FEMA Act of 2025
The FEMA Act of 2025 would elevate the Federal Emergency Management Agency to a cabinet-level independent establishment and move its main functions out of the Department of Homeland Security (DHS). The bill creates a dedicated FEMA administration led by an Administrator (with a Deputy and Assistant Administrators) who reports to the President, and it establishes an Office of the Inspector General and a Federal Emergency Management Agency Working Capital Fund funded by fees for services. Over a one-year transition, most FEMA programs and authorities would transfer from DHS to the new agency, along with a broad, all-hazards approach to emergency management that integrates preparedness, mitigation, response, and recovery. The legislation also adds substantial reform packages across public assistance, individual assistance, mitigation, and transparency, plus a Veterans Advocate to improve veterans’ access to disaster relief. In short, the bill aims to centralize and strengthen the nation’s all-hazards emergency management system under a dedicated, cabinet-level FEMA, with reforms designed to speed and improve disaster assistance, increase accountability, and better protect vulnerable populations, including veterans, people with disabilities, and Tribes.
Key Points
- 1Establishment and leadership of FEMA as a cabinet-level independent agency, headed by an Administrator (with a Deputy and Assistant Administrators), reporting directly to the President.
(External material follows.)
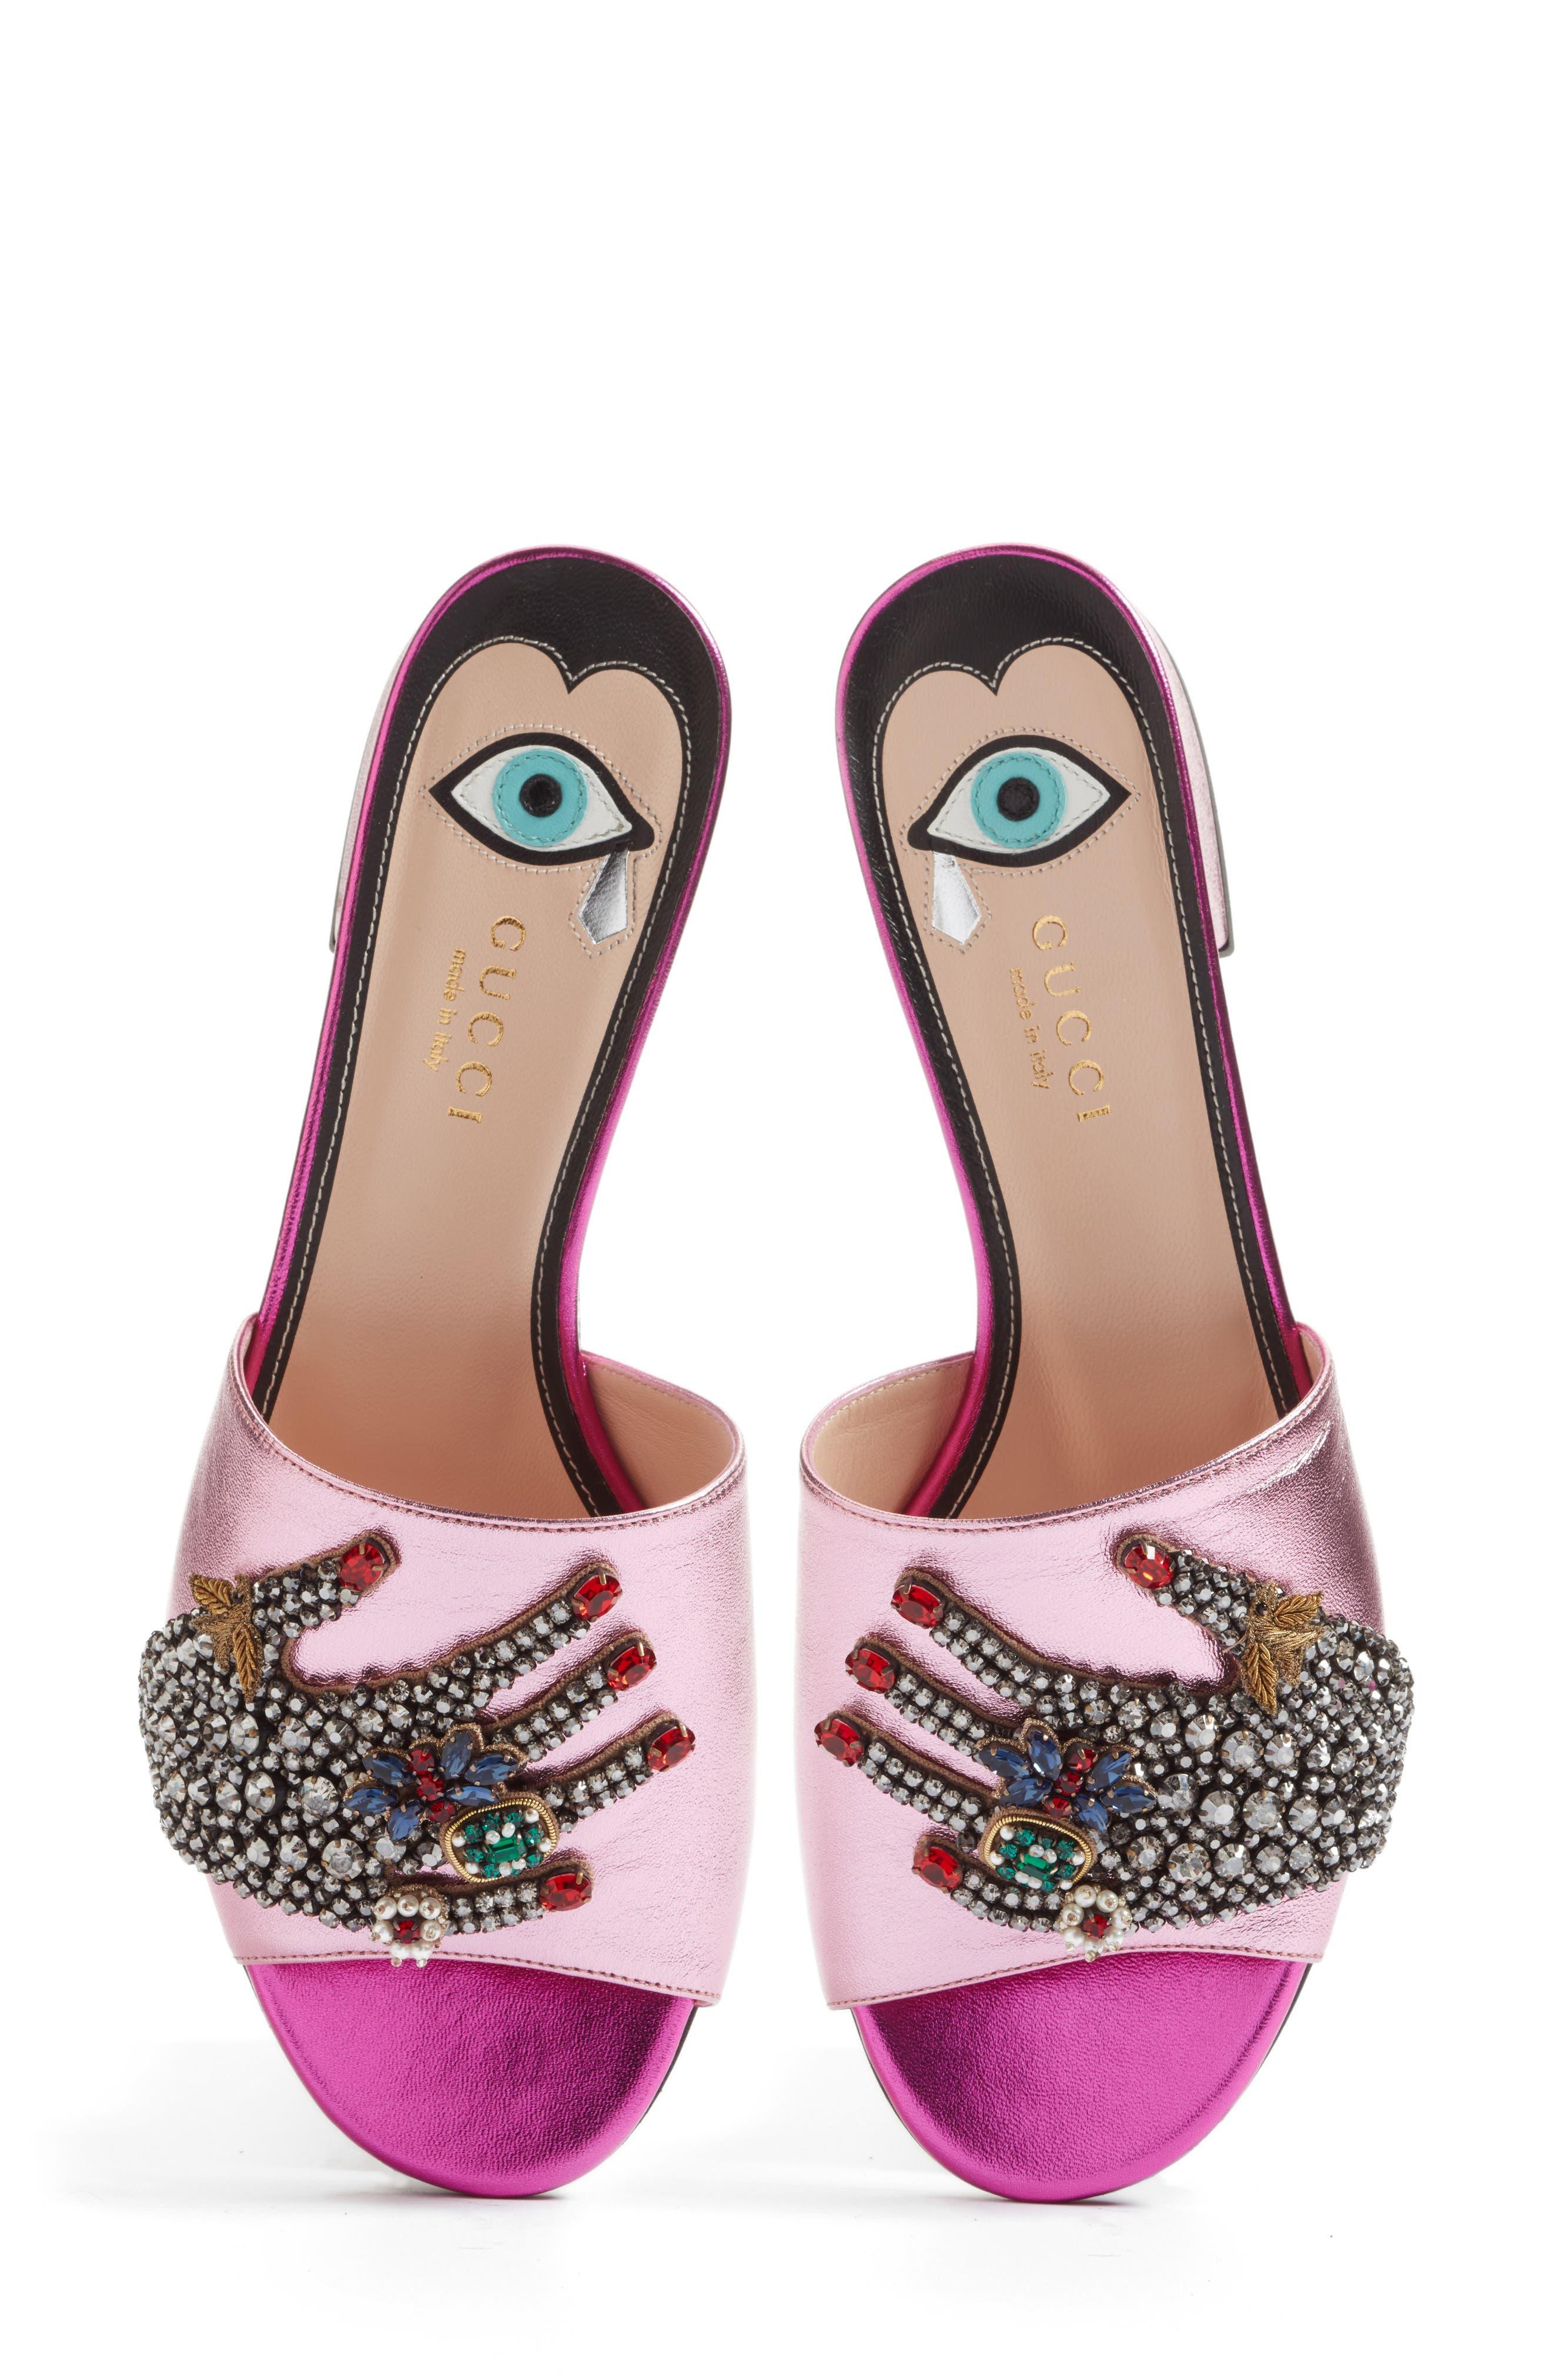 Main Image - Gucci Wangy Embellished Slide Sandal

- 2Transfer of FEMA functions from DHS to the new agency within one year, including authorities under major disaster and other disaster-related statutes, while preserving certain DHS programs during a transition via a memorandum of understanding.
- 3Creation of an Office of the Inspector General for FEMA to provide independent oversight.
- 4Establishment of a Federal Emergency Management Agency Working Capital Fund to finance operations, with fees charged for services and equipment provided to DHS, other federal entities, and external clients.
- 5Introduction of a Veterans Advocate within FEMA to ensure fair treatment of veterans, participate in disaster declaration processes, and improve veteran recruitment and coordination with veterans’ organizations.
- 6Division B reforms across four major areas:
- 7- Public Assistance Reforms: streamline recovery, set debris removal standards, speed funding, improve procurement, backlogs, and alignment of costs with modernized practices.
- 8- Individual Assistance Reforms: improve information sharing, standardize applications, clarify duplication of benefits, expand crisis counseling and housing/rental assistance, and enhance notices and guidance for disaster victims.
- 9- Mitigation Reforms: promote preapproved mitigation plans, strengthen hazard risk reduction, improve utility resiliency, and streamline the mitigation application process.
- 10- Transparency and Accountability: require GAO reviews, create online dashboards, address disaster fraud/identity theft, publish progress on declarations, and improve disaster workforce retention and cost-saving assessments.
- 11National emergency management reforms (Division A, Title II) that realign related responsibilities under FEMA, update regional offices, and modify certain Homeland Security Act provisions to reflect FEMA’s independent status.
- 12Protections for continuity and ongoing proceedings: saving provisions ensure existing orders, permits, contracts, and ongoing actions continue under the new structure during the transition.